The segmentation method based on threshold is relatively simple, and the quality of segmentation results almost entirely depends on the size of threshold, so the selection of threshold is very important. Moreover, the threshold segmentation method can only segment simple images, and it is difficult to deal with complex images.
Common region-based segmentation methods include watershed algorithm and region-growing algorithm.
Watershed algorithm is a segmentation method based on mathematical morphology. In this algorithm, the image to be processed is compared to the terrain in geography, and the elevation of terrain is represented by the gray value of the pixel. The local minimum and its adjacent area are called the ponding basin. It is assumed that there are water permeable holes at each local minimum. With the increase of infiltration water, the ponding basin will be gradually submerged. Blocking the flow of water from a stagnant basin to a nearby basin is called a dam. When the water level reaches the peak, the infiltration process ends. These dams are called watersheds. Kaleem et al.  proposed a watershed segmentation method guided by setting internal or external markers to calculate the morphological gradient of the input image and internal and external markers of the original image. Then they use watershed transform to obtain the segmentation results. Rajini N et al.  proposed a method combining threshold segmentation and watershed. First, the image was segmented by threshold method, and then the segmented image was segmented by watershed algorithm. The experiment proved that the segmentation results obtained by this method were more accurate than those obtained by one of the two methods alone, with the average TPR measure higher than 90%.
The segmentation algorithm based on watershed can obtain a complete closed curve and provide contour information for subsequent processing, whereas the watershed algorithm is influenced by noise and easy to over segment.
The region growing algorithm draws all the pixel points conforming to the criterion into the same region via formulating a criterion, so as to achieve pixel segmentation. This kind of segmentation method has the following characteristics: (1) Each pixel must be in a certain region, and the pixels in the region must be connected, and must meet certain similar conditions; (2) different regions are disjoint, and two different regions cannot have the same property.
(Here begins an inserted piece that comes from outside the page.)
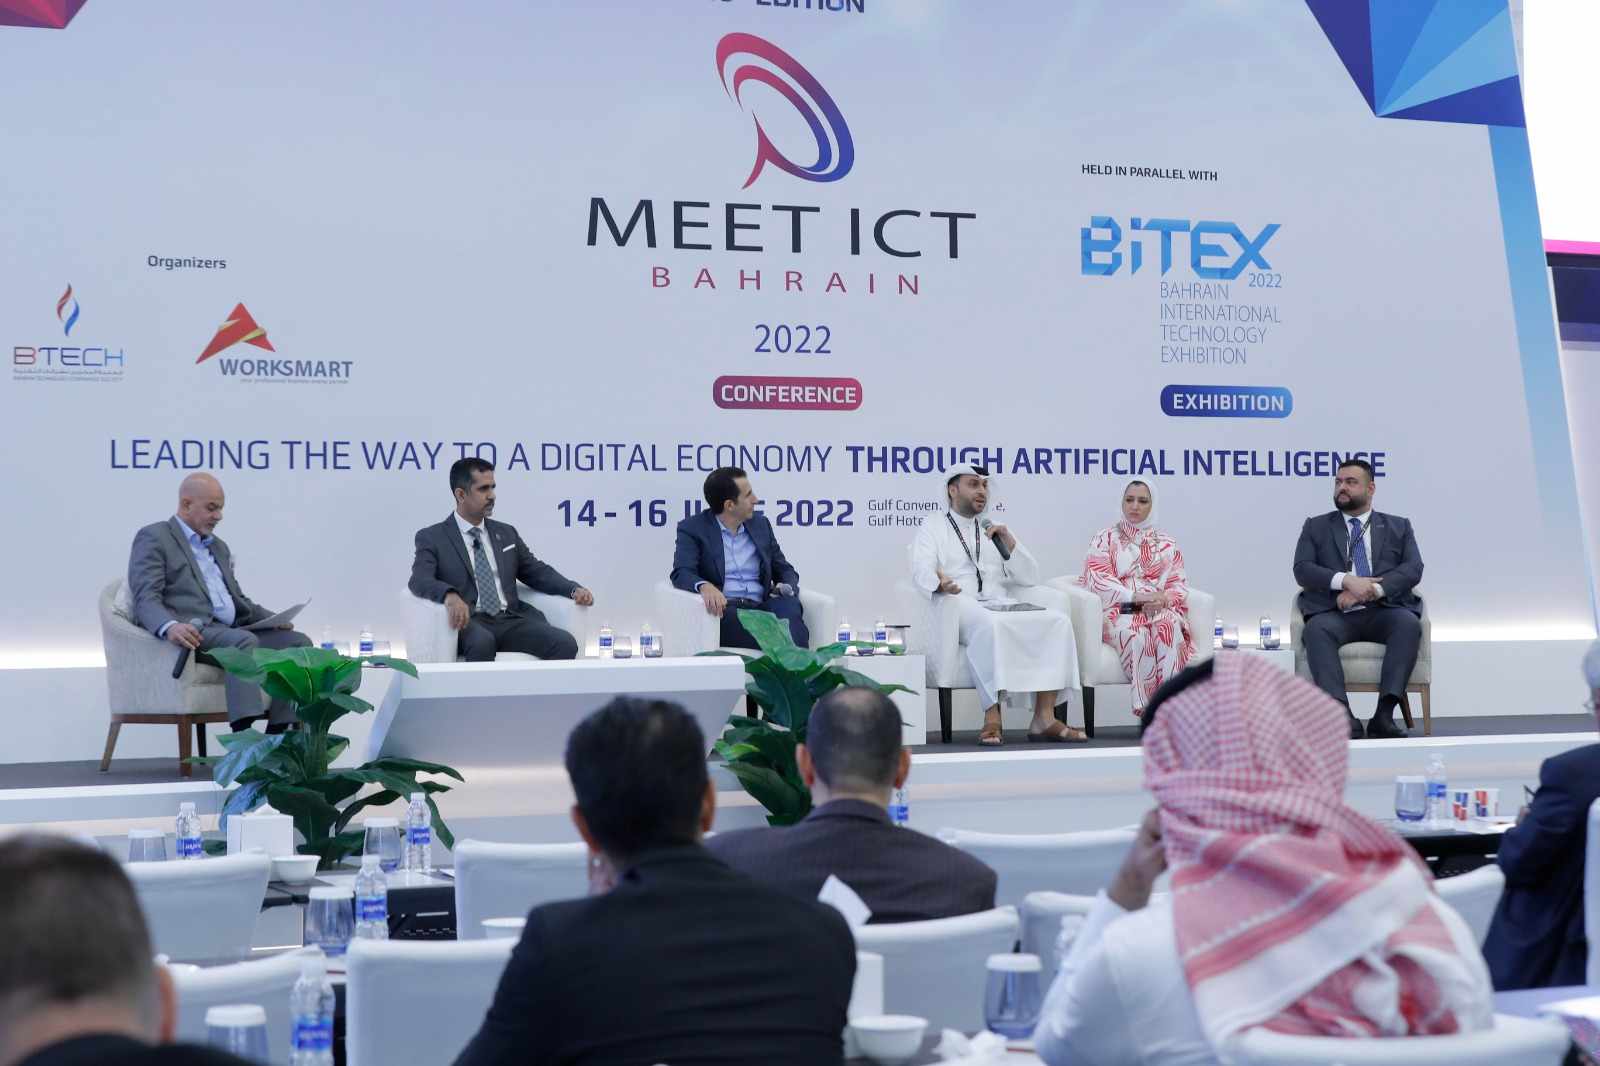 Meet ICT Conference Bahrain 2022 in Manama, Bahrain  for IT & Technology - Image 1
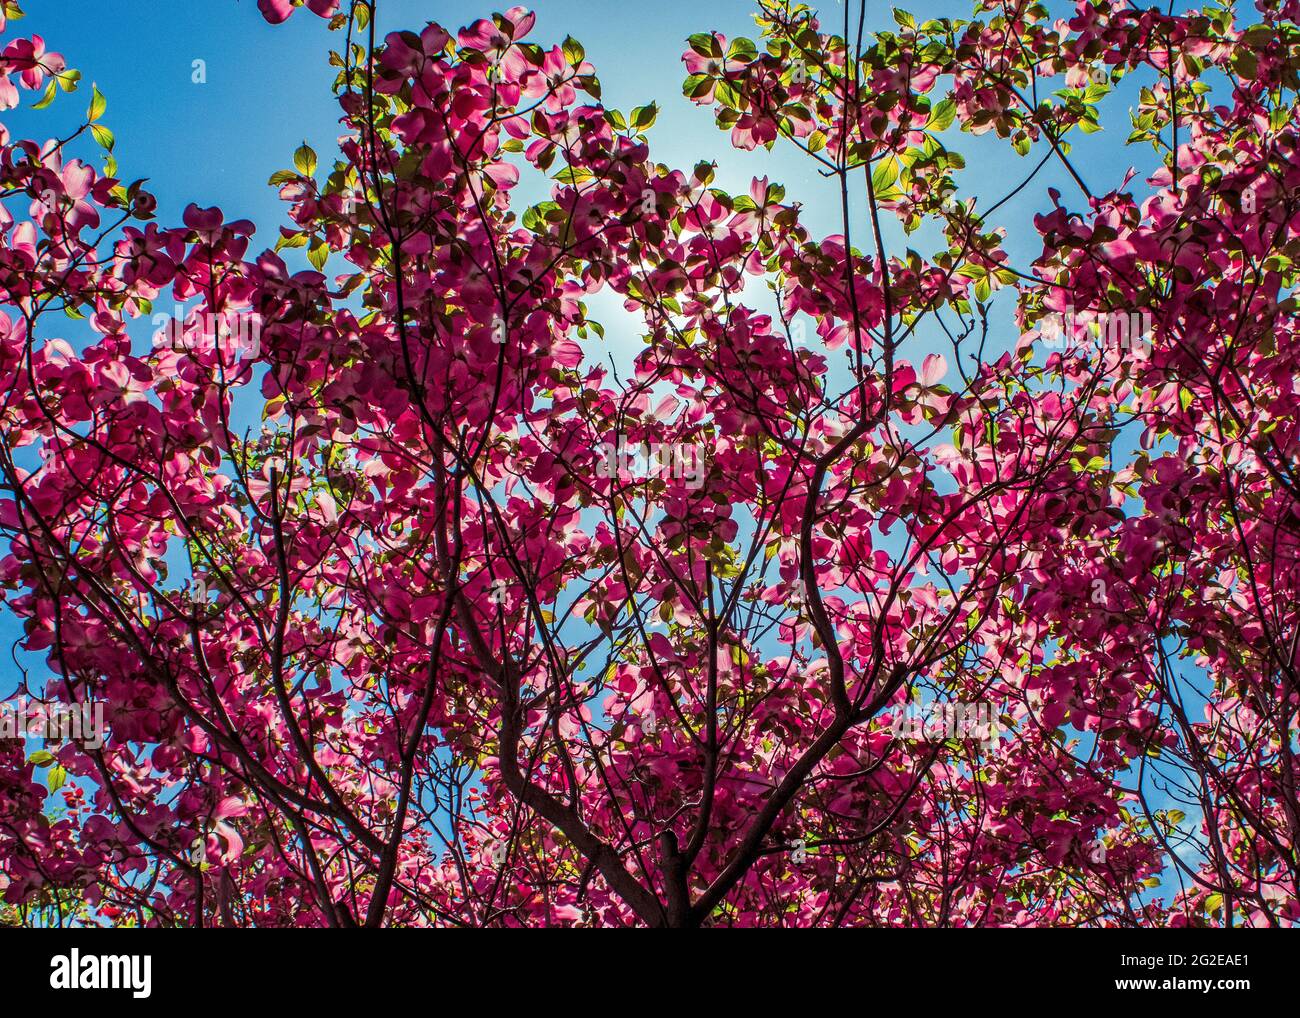 The sun hidden behind the canopy of a pink blossoming dogwood tree Stock Photo

Qusay et al.  proposed an automatic seed region growth method, which can automatically set the initial value of seeds, avoid the defects of manual interaction, and improve the efficiency of image segmentation.
The region-based segmentation method has the characteristics of simple calculation and high accuracy, which can extract better regional features and is more suitable for segmentation of small targets. However, it is sensitive to noise and easy to make holes in the extracted region.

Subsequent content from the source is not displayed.